TLDRThis video explores three cutting-edge technologies: photogrammetry, neural radiance fields (Nerfs), and Gaussian splatting. The presenter, with 15 years of experience in photogrammetry, delves into each method's capabilities and ideal applications. Using a dataset of 345 frames from a video of a sandstone column named Church Rock, the video demonstrates how each technology processes and visualizes the data. Agisoft Metashape is used for photogrammetry, resulting in an accurate, textured 3D model. For neural radiance fields, the presenter employs Nerf Studio, showcasing its ability to generate novel viewpoints and create videos with customized camera paths. Lastly, Gaussian splatting in Unity provides a real-time visualization of the point cloud, offering a comprehensive scene context. The video concludes with a discussion on sharing photogrammetric models online and enhancing them with panoramic backgrounds to mimic the broader scene context provided by neural radiance fields and Gaussian splatting.

Takeaways

  • 📈 **Photogrammetry, Neural Radiance Fields (Nerfs), and Gaussian Splatting are three distinct technologies that have gained popularity due to advancements in AI.**
  • 🔍 **Photogrammetry** is a technique used for 3D modeling that has been around for 15 years, focusing on accurate and measurable 3D models.
  • 🤖 **Neural Radiance Fields (Nerfs)** utilize AI to generate novel viewpoints of a scene, offering a more extensive context including the sky and horizon not typically captured in photogrammetry.
  • 🌐 **Gaussian Splatting** involves rendering a scene in real-time using a game engine like Unity, providing a visualization method that combines the benefits of both photogrammetry and neural radiance fields.
  • 📷 **Agisoft Metashape** is used for photogrammetry processing, while **Nerf Studio** is employed for training the neural radiance field on the same set of video frames.
  • 🌄 **Photogrammetry** provides a detailed textured 3D model with baked-in lighting conditions, suitable for applications like 3D printing or game engine integration.
  • 📏 **Accuracy and scalability** are key benefits of photogrammetry, allowing for measurements such as area and volume, which are not currently possible with Nerfs or Gaussian Splatting.
  • 🌌 **Neural Radiance Fields** can estimate the appearance of a scene from viewpoints that were not part of the original data, offering creative freedom in generating new camera paths.
  • 🎥 **Virtual production** is a significant application for neural radiance fields, where quick data collection and later perfecting of camera paths are valuable.
  • 🧩 **Gaussian Splatting** allows for the integration of additional elements into the scene, such as panoramic skies, providing a more complete scene visualization.
  • 🌟 **Photogrammetric models** can be easily shared and viewed online, offering a lightweight and accessible way to experience 3D models, which is not yet possible for Nerfs or Gaussian Splatting.

Q & A

  • What are the three technologies discussed in the video?

    -The three technologies discussed in the video are photogrammetry, neural radiance fields (often called NeRFs), and Gaussian splatting.

  • What is the primary use of photogrammetry?

    -Photogrammetry is primarily used for creating accurate, measurable 3D models of objects. It is often used in applications where precise measurements are required, such as in architecture or archaeology.

  • How does neural radiance field (NeRF) differ from photogrammetry?

    -Neural radiance fields (NeRF) differ from photogrammetry in that they allow for the generation of novel viewpoints that were not part of the original data. They create a volumetric representation of a scene, which is not metrically valid for precise measurements like photogrammetry.

  • What is the significance of Gaussian splatting in the context of radiance fields?

    -Gaussian splatting is significant as it provides a real-time visualization of radiance fields in a game engine like Unity. It allows for the representation of a point cloud with visible 'splats' derived from the input data, offering a more complete scene visualization.

  • How can one enhance a photogrammetric model to include broader context like the sky and distant mountains?

    -One can enhance a photogrammetric model by adding a panoramic sphere to the background of the model. This technique involves mapping a panorama image to a sphere geometry around the photogrammetric model to simulate a broader scene context.

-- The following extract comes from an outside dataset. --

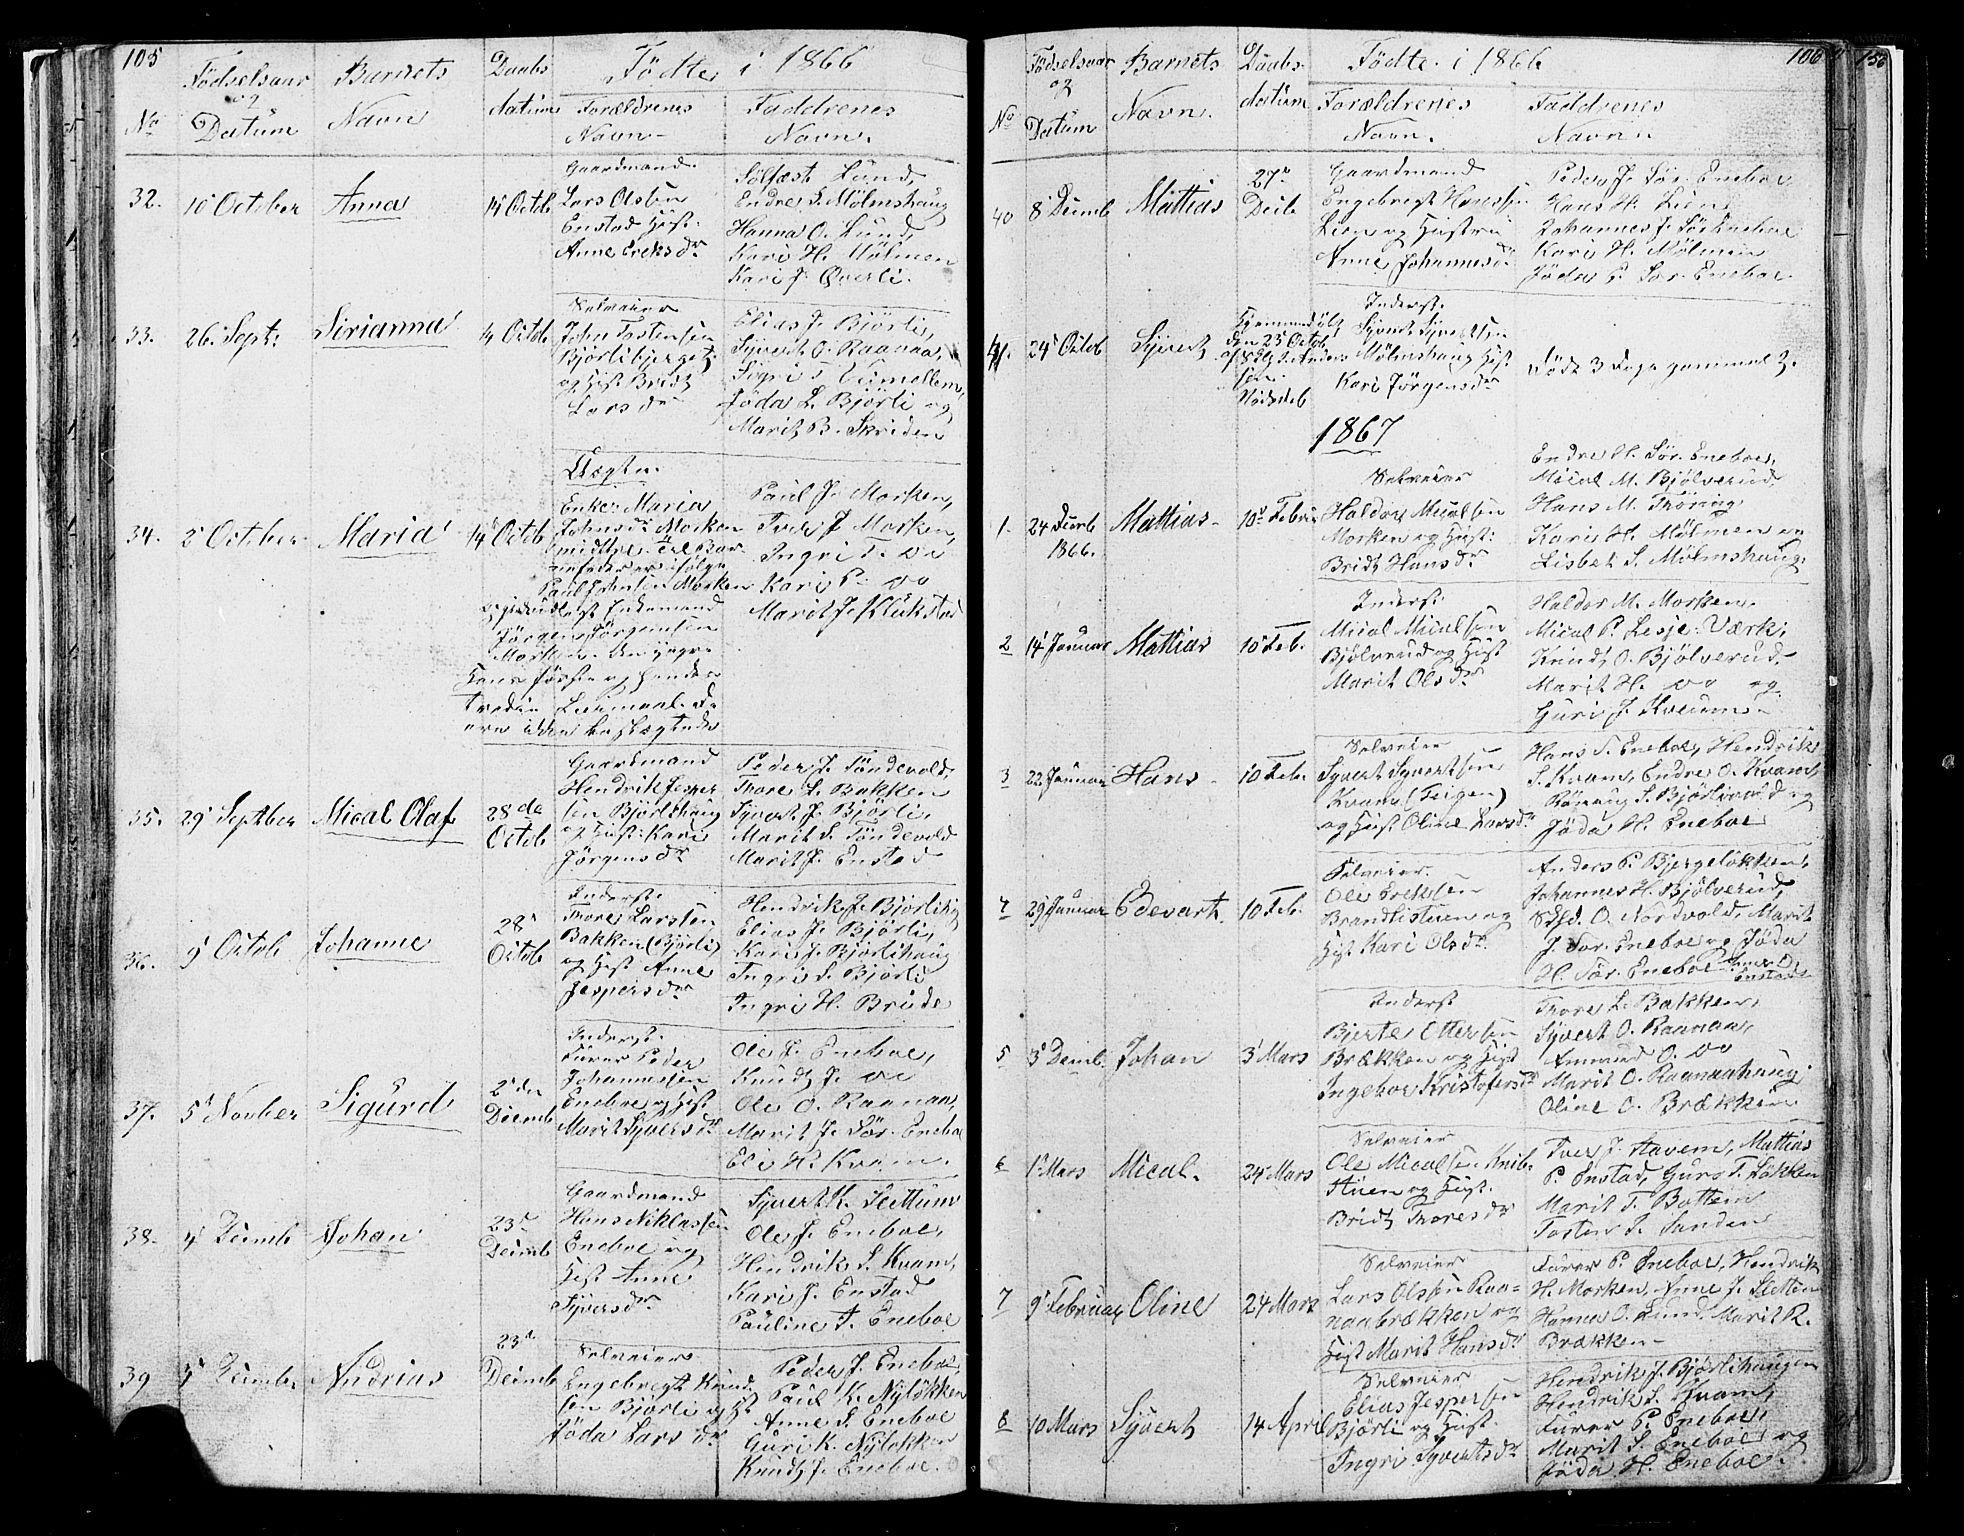 SAH, Lesja prestekontor, Klokkerbok nr. 4, 1842-1871, s. 105-106
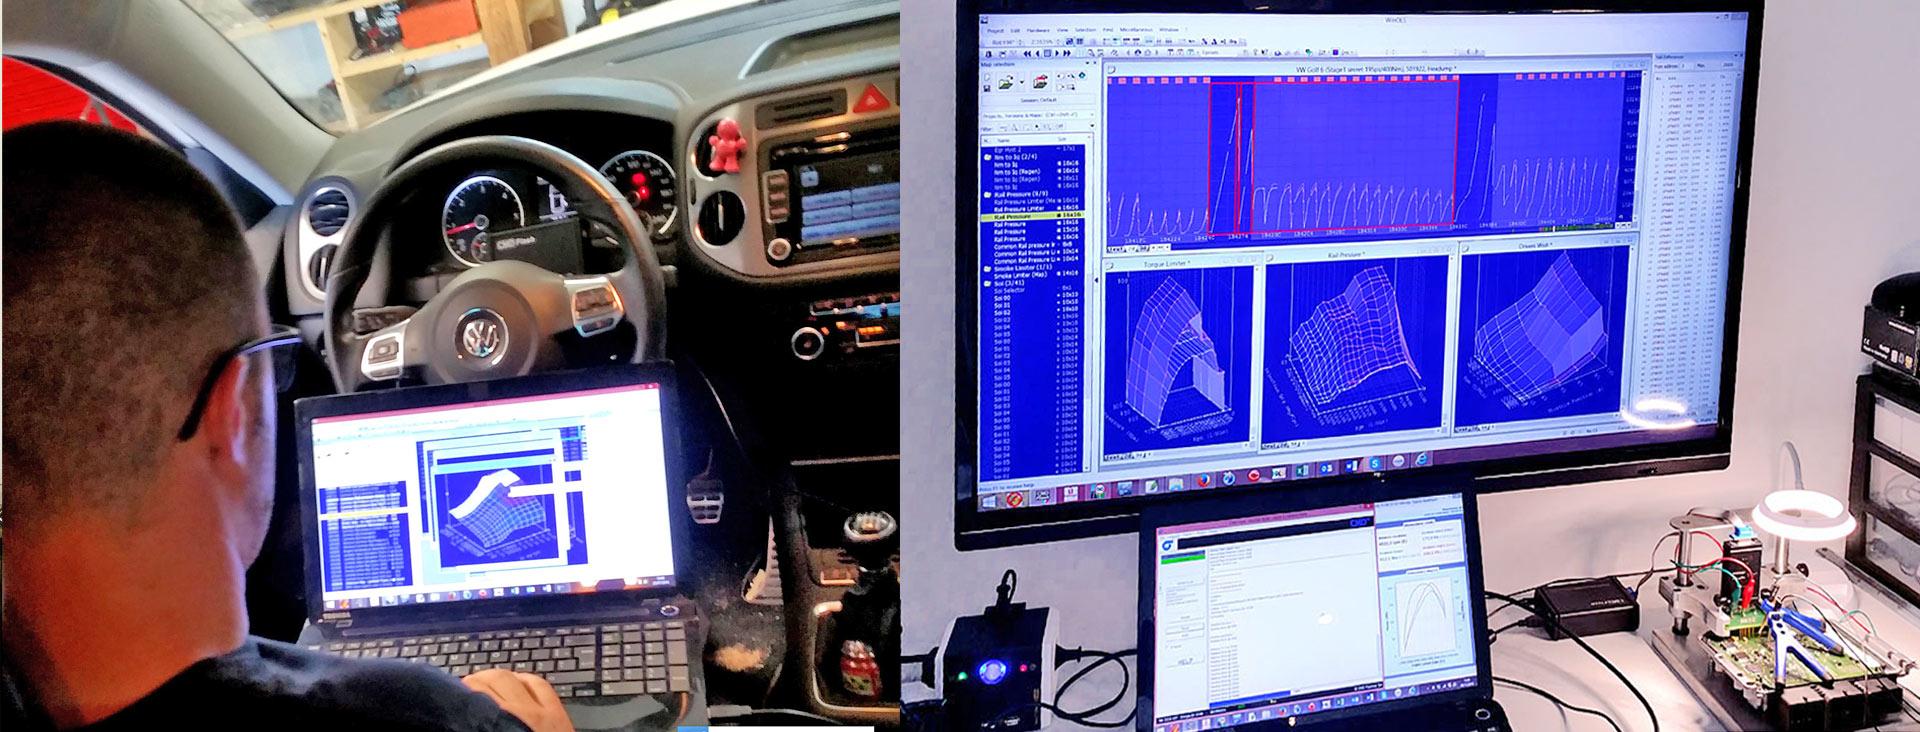 Reprogrammation Moteur Ajaccio et Reprogrammation voiture Bastia

  • What is the advantage of using Agisoft Metashape for photogrammetry processing?

    -Agisoft Metashape is advantageous for photogrammetry processing because it provides a structured workflow for creating 3D models from photographs. It allows for the estimation of camera positions, creation of a point cloud, and the generation of a textured polygonal mesh.

  • How does the lighting condition affect the final model in photogrammetry?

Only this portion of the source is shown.